Back-end applications

As we explained earlier, Node.js enables developers to use JavaScript in both the back end and the front end. This makes it popular with companies who would prefer to work with one programming language across their tech stack.

It’s also well-suited for microservices architecture, which involves breaking up a large monolithic service into smaller services that can scale easily. Many companies — both large and small — have switched from back-end services written in other programming languages to Node.js. Studies show that it’s currently used in over 30 million websites.

Real-time applications

Another common use-case for Node.js is real-time applications. Node.js is event-driven and asynchronous, meaning it handles heavy input/output operations quickly and efficiently.

This makes it perfect for real-time applications like chat apps and chatbots. Socket.IO is a Node.js library used in chat and other real-time applications because it allows bidirectional  communication between a browser and a server. And when more processing power is needed, Node.js microservices can scale more quickly.

Node.js’ utility in real-time applications also allows it to be used in streaming services. Ever wondered how platforms like Netflix manage to stream videos to millions of users all over the world? In 2018, Netflix switched many of its APIs to Node.js to make streaming more efficient. Its asynchronous, non-blocking input/output abilities make it the perfect choice to stream videos and music without buffering or slowing down.

IoT applications

Node.js is also a great platform for IoT development, which has been growing in recent years. IoT devices are constantly sending data back to a server for processing. Node.js can process the billions of concurrent requests created by IoT devices and process event data seamlessly without bogging down.

If more processing power is needed, scaling is available. Its event-driven server architecture is especially suited to processing all these requests asynchronously. Tessel 2 is a popular robotics and IoT development platform written for Node.js that makes developing IoT devices simple.

What are the advantages of Node.js?

It didn’t take long for Node.js to become a popular language with developers and enterprises. Here are some of the reasons why:

  • Relatively low learning curve: Most Front-End Developers are already familiar with JavaScript, so learning Node.js feels natural.
  • Full-stack development: Using JavaScript in both the front end and the back end means that the same developers can work on both parts of the app and better grasp how the two ends work together. (To learn more about how the two interact, check out our Connecting Front-End to Back-End course.)
  • Community support: There is a huge online community of Node.js developers that will lend a helping hand when you get stuck. Many tech giants — like Amazon, Google, and Facebook — contribute some of the third-party libraries in the Node.js ecosystem.
  • Scalable architecture: Node.js features allow microservices architecture to break an application into multiple services to scale up.
  • High-performance for real-time applications: The single-threaded, event-driven architecture of Node.js allows it to process many concurrent requests without slowing down the application.
  • Saves development time and money: When you use Node.js for your server-side code, you only need JavaScript developers to work on both the front-end code and the back-end code instead of hiring two separate teams.

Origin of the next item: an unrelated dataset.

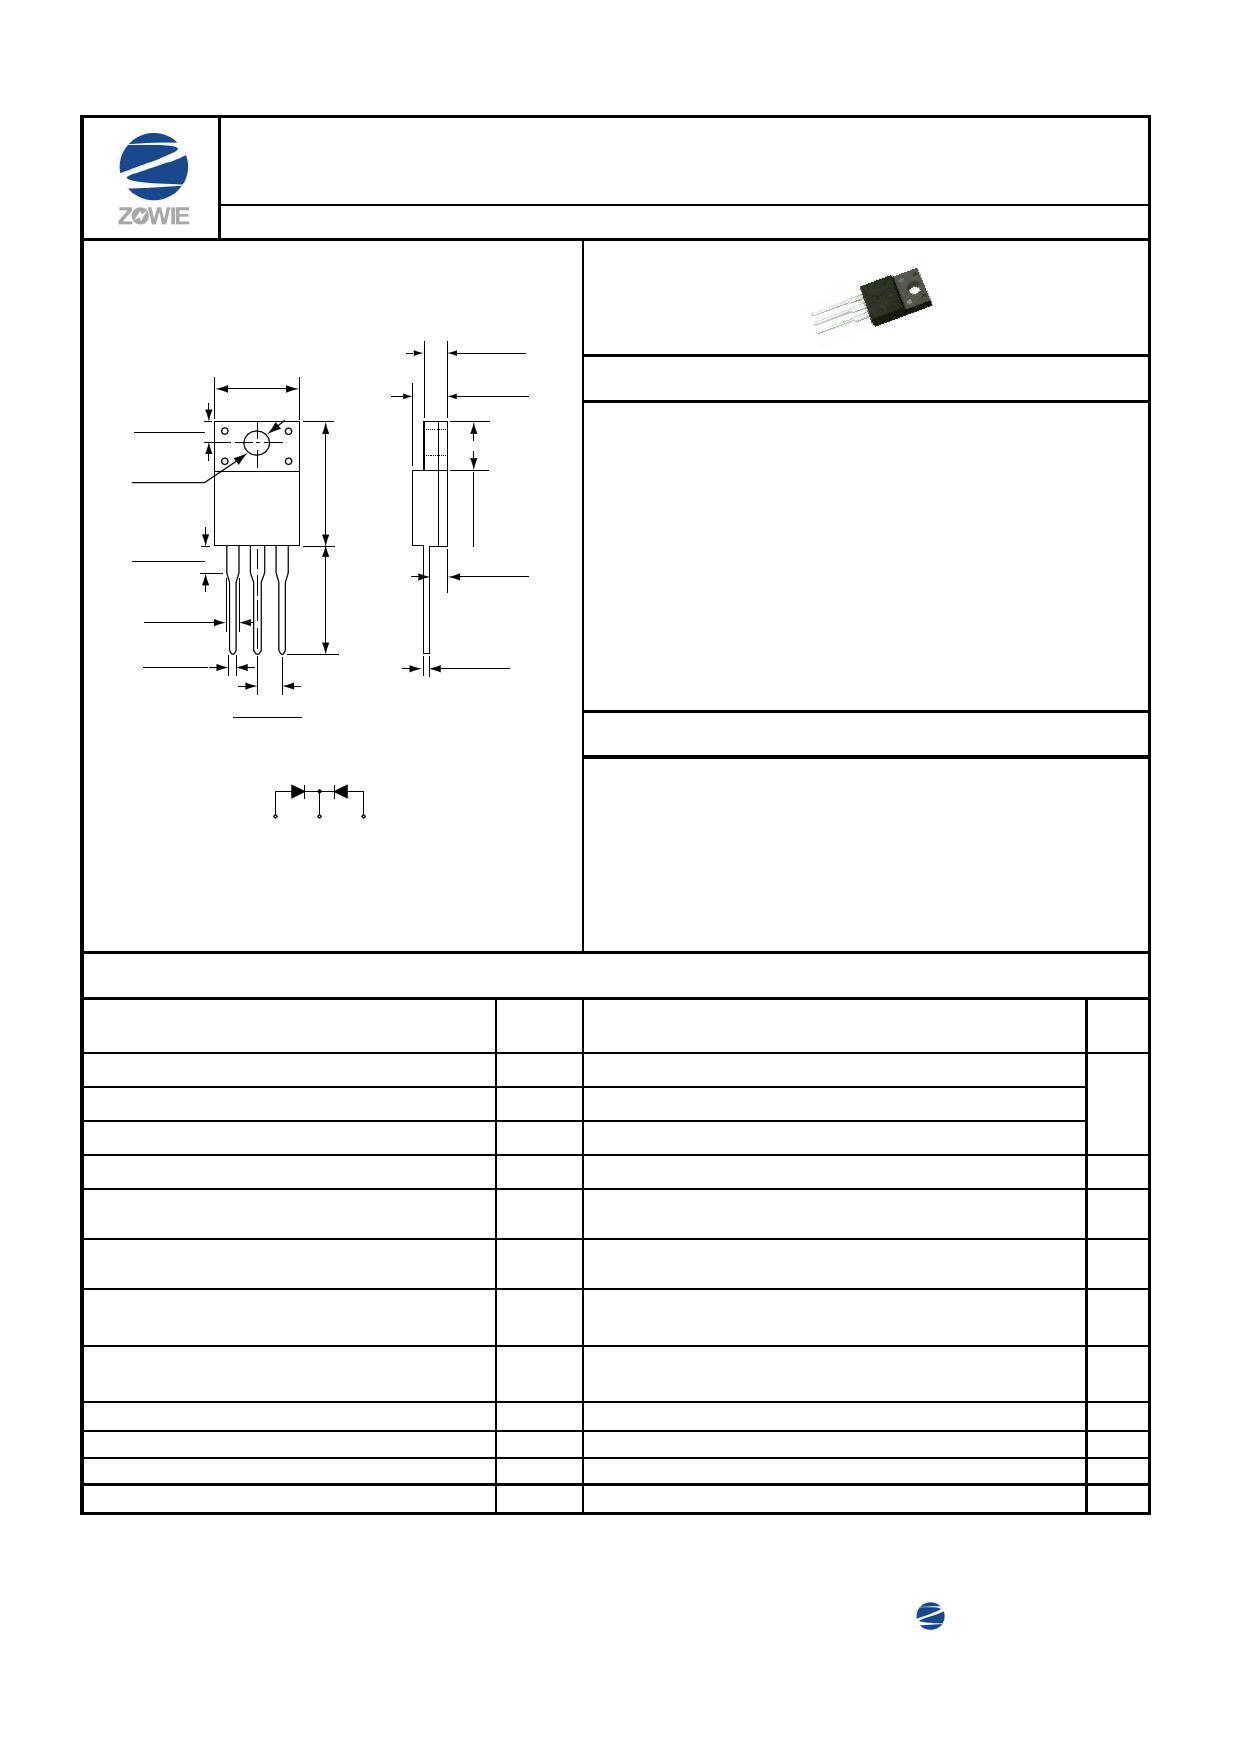 MBR10100CFSH Datasheet, MBR10100CFSH PDF,ピン配置, 機能

What are the disadvantages of Node.js?

Like any other technology, Node.js also has some disadvantages. They include:

  • Lowered performance for heavy computing tasks: The single-threaded, event-driven features of Node.js aren’t well-suited to heavy processing tasks. Node.js added “worker threads” in 2018, but it still falls short of other programming languages when it comes to CPU-bound tasks.
  • Frequent API changes: The API for Node.js changes frequently when there are updates to the runtime. This often means that code written for one version of Node.js may not work for a new version and will have to be updated.
  • Inconsistent NPM libraries: NPM is a package manager that Node.js uses for third-party libraries. While many of these libraries are top-notch, some can be of poor quality and not documented well.
  • More demand than developers available: The demand for Node.js developers is growing faster than the pool of developers who know the technology. This means it can be hard for businesses to find the right developers, but it’s also a good thing if you’re considering becoming a Node.js developer because your skills will be in demand.

Learn more about Node.js

Ready to jump into Node.js? Your first step is to learn JavaScript — and it also helps to know a little HTML. Once you’ve gotten the basics of those two languages down, try our Learn Node.js course.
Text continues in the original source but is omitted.